Our mid-morning destination is Devil’s Tower in the Bear Lodge Mountains … a near-wilderness area in the Wyoming section of the Black Hills. These “mountains” are similar to the Appalachians – high but rounded, forested, and sparsely populated. The only fair sized town in Crook County is Sundance with a population of less than a thousand souls who brave an intense winter. While I lived there for two years, the temperature dipped to a minus 45 and coupled with ten feet of snow, the environment was challenging to say the least.


he Bear Lodge Mountains are noted for several superlatives. The hills are home to the highest concentration of Whitetail Deer in the US and in the midst of this dark green unbroken forest rises Devil’s Tower 1000 feet straight up from the floor of Ponderosa Pine. The tower is an ancient remnant of a volcano whose throat was filled with liquid magma eons ago. The magma cooled very slowly and formed six sided rock crystals ten feet on each side but stretching vertically from bottom to top creating a fluted edge as though a giant bear tried to scratch its way to the top. Broken columns ring the base and climbing on the shattered crystalline structures is not for the faint of heart or weak of knee… such as me.

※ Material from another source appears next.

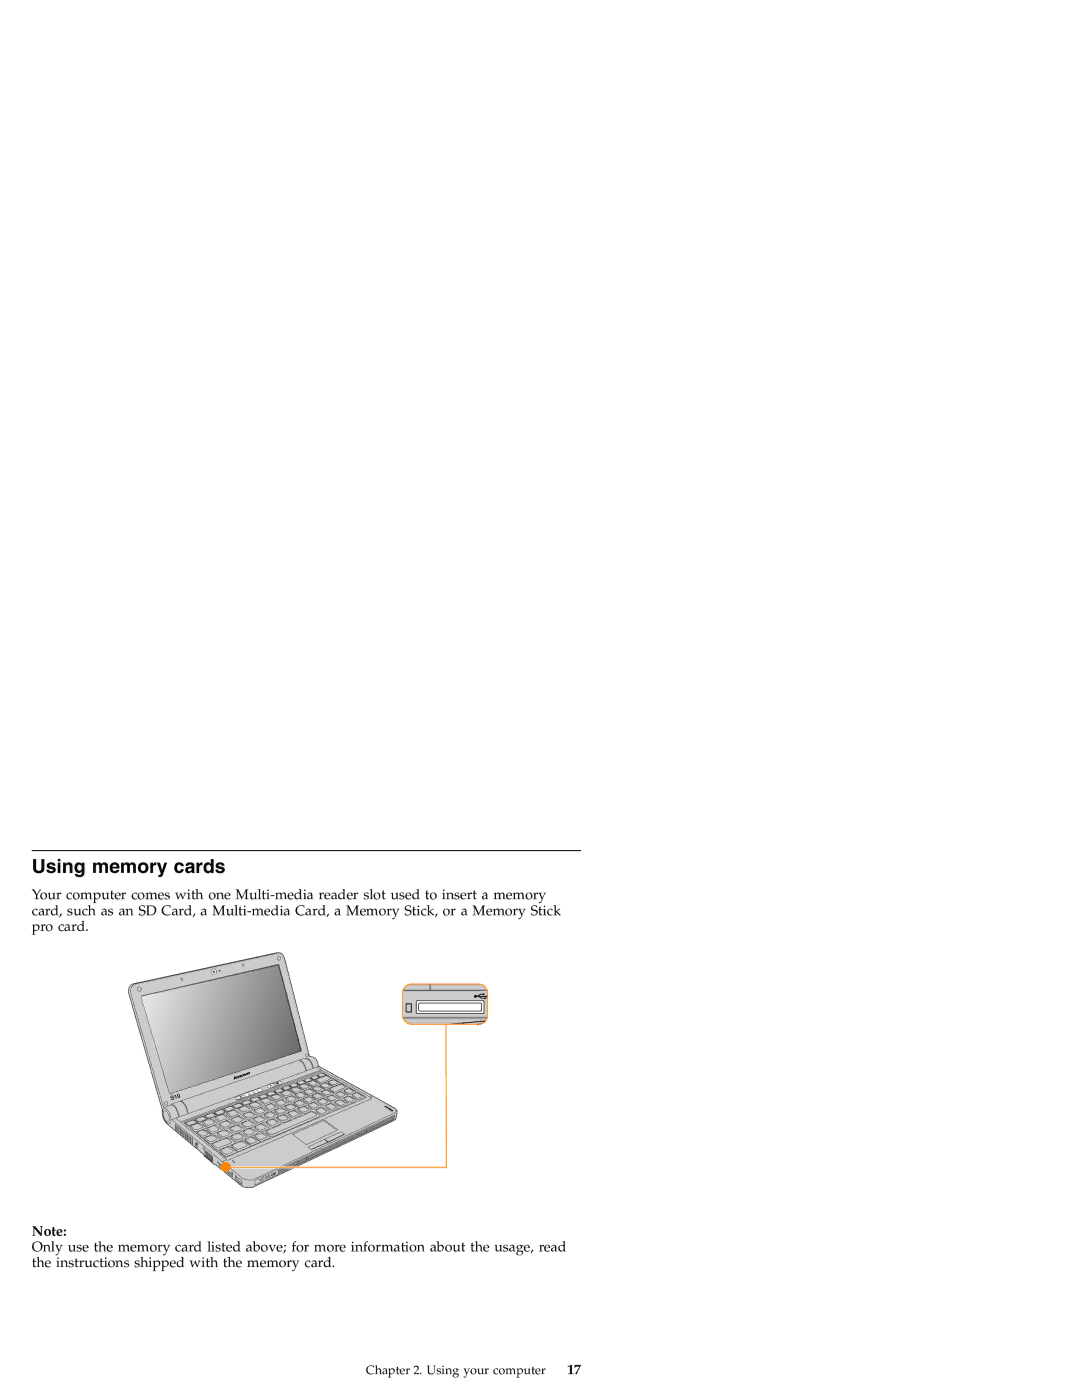 Lenovo S10 manual Using memory cards

Around the base, the park service has constructed a 1 1/2 mile path in and out of the talus piles. In several locations, you an look straight up and only imagine the flattened top of several dozen acres 1000 feet higher. What an experience it must have been for the first climbers in the late nineteenth century! They carried 12 inch thick logs one at a time and pounded them into the fissures between crystals forming a vertical open ladder and slowly inched their way to the top. Not me!

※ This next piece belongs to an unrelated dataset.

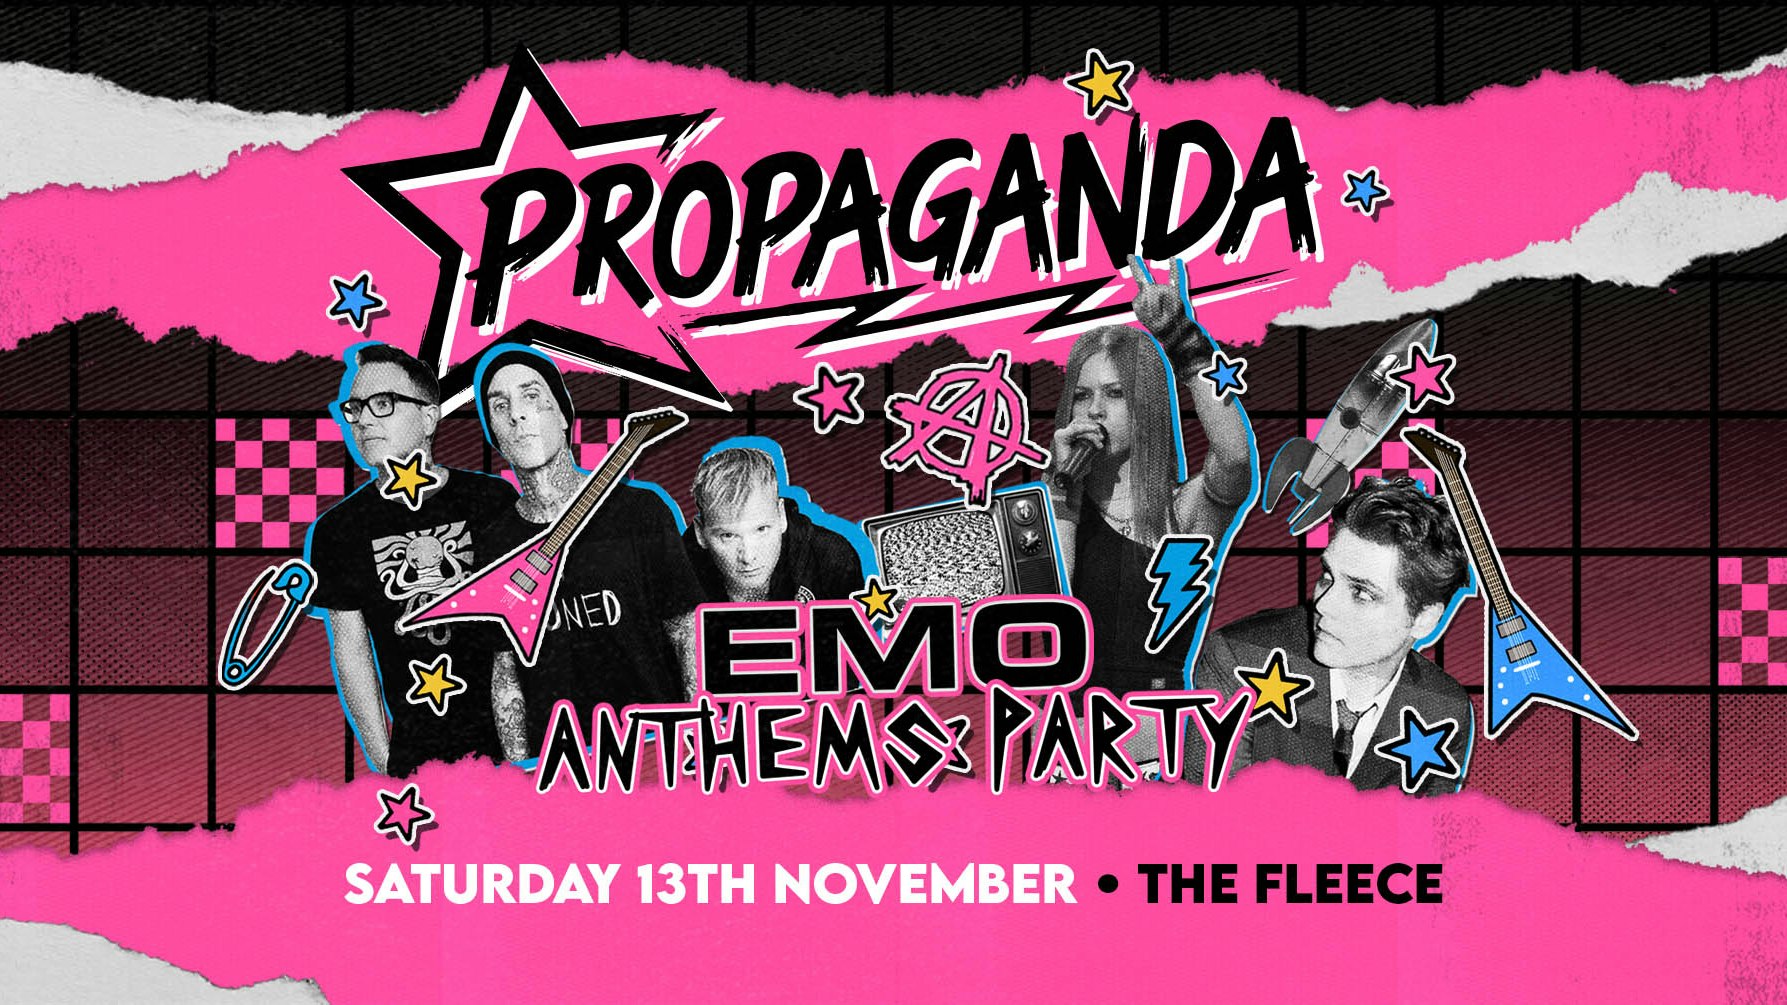 Propaganda Bristol – Emo Anthems Party!

Around noon, we plan to leave the tower and head a few dozen miles to my old home in Sundance, home of the Sundance Kid legend. He supposedly robbed the Sundance State Bank which, while I was there, would cash your paycheck in silver dollars – a throwback to the Old West fear of the government’s paper money.

Lunch will be great at the Dime Bar which has 50 feet of 10 cent pieces imbedded in the bar top. Too early for a whiskey and my imagination runs amok as I envision cowboys, gamblers, ranchers, and miners belly up amongst all the dimes. The Black Hills was and still is a major source of gold and the largest gold mining company in the northern hemisphere is still based not far away in Deadwood, South Dakota. The gold was the reason the Native Americans were pushed out of their sacred hills and the reason Colonel George Custer was sent to control renegade bands in 1876. Gold causes men to do strange things!
We will camp near Deadwood about 40 miles from Sundance and spend the evening carousing the bars and losing money in the casinos – sort of a last fling before we start our journey home. Thanks for sharing this virtual day with Carolyn and me. We are looking forward to the real trip in June.